MØ – ‘Forever Neverland’ review

This intriguingly offbeat artist is best known for her Major Lazer collabs, but this bold album proves she's much more than someone to lean on

Equally inspired by the Spice Girls and Sonic Youth, is an intriguingly offbeat artist with a very modern, streaming era problem: her biggest hits by far have been features on other people’s songs, namely the Major Lazer bangers ‘Lean On’ and ‘Cold Water’. So, while the Oceana crowd know her voice – sweet and scratchy like honeycomb – they probably don’t know how to pronounce her distinctive Danish name.

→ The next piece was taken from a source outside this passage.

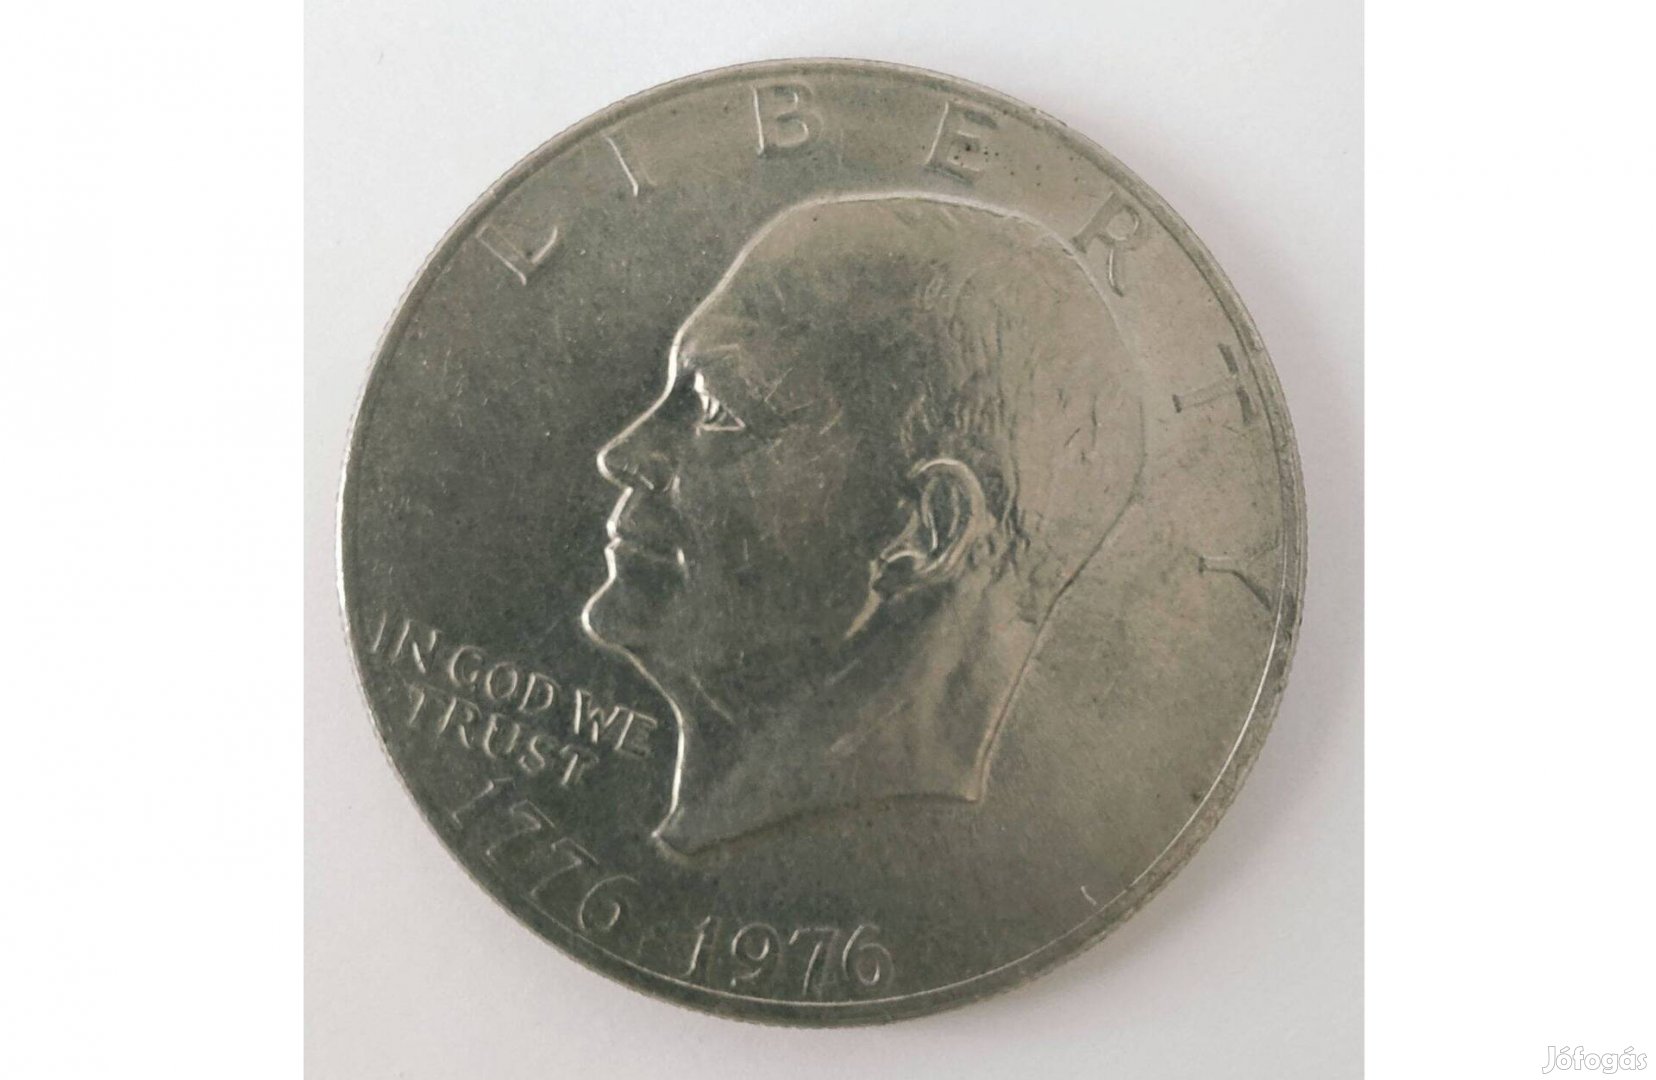 '1976 Eisenhower One Dollar' - bicentenáriumi emlékérme

This second album begins a little bit tentatively, with the tribal pop songs ‘Way Down’ and ‘I Want You’. They’re decent tunes, but feel as though they’ve been grown in the shadow of ‘Lean On’. Thankfully, the album soon branches out into weirder and more unexpected directions. With its strummed acoustic guitars leading into a super-auto-tuned chorus and screechy synth hook, ‘Blur’ is both freaky and anthemic – a tricky combination to pull off. Diplo collaboration ‘Sun In My Eyes’ is a bright blast of new wave-y pop on which MØ  comes off like a millennial Gwen Stefani. The skittering digital R&B of ‘If It’s Over’ is screaming out for a Charli XCX cameo, so it’s a good job MØ has managed to bag one.

READ MORE: MØ: on ‘Lean On’, working with her heroes and her 2018 album 

The album’s second half also benefits from a welcome air of melancholy, which makes MØ more relatable than ever  before. “Feeling like a loose leaf stuck on the tree / Blowin’ in the wind, come help me be free,” she yearns on reggae bop ‘Red Wine’. Trip-hop-flavoured closing track ‘Purple Like Summer Rain’ features a fantastic spoken-word bit on which MØ fantasises about a life where she doesn’t “have to worry about the responsibilities of adulthood”. There’s even a minute-long piano-ballad interlude featuring the instant classic lyric: “All I wanna do is just call up my mom and get my ass out of West Hollywood”.

In fact, the only real misstep is ‘Beautiful Wreck’, a bland tropical ballad that belongs on an ‘Ex On The Beach’ montage. On this evidence, though, MØ’s own music deserves to find a wider audience. By turns anthemic, experimental and boldly poptastic, ‘Forever Neverland’ hits multiple grooves, proving she’s a fascinating, multifaceted musician in her own right. As an artist, she’s much more than someone to lean on.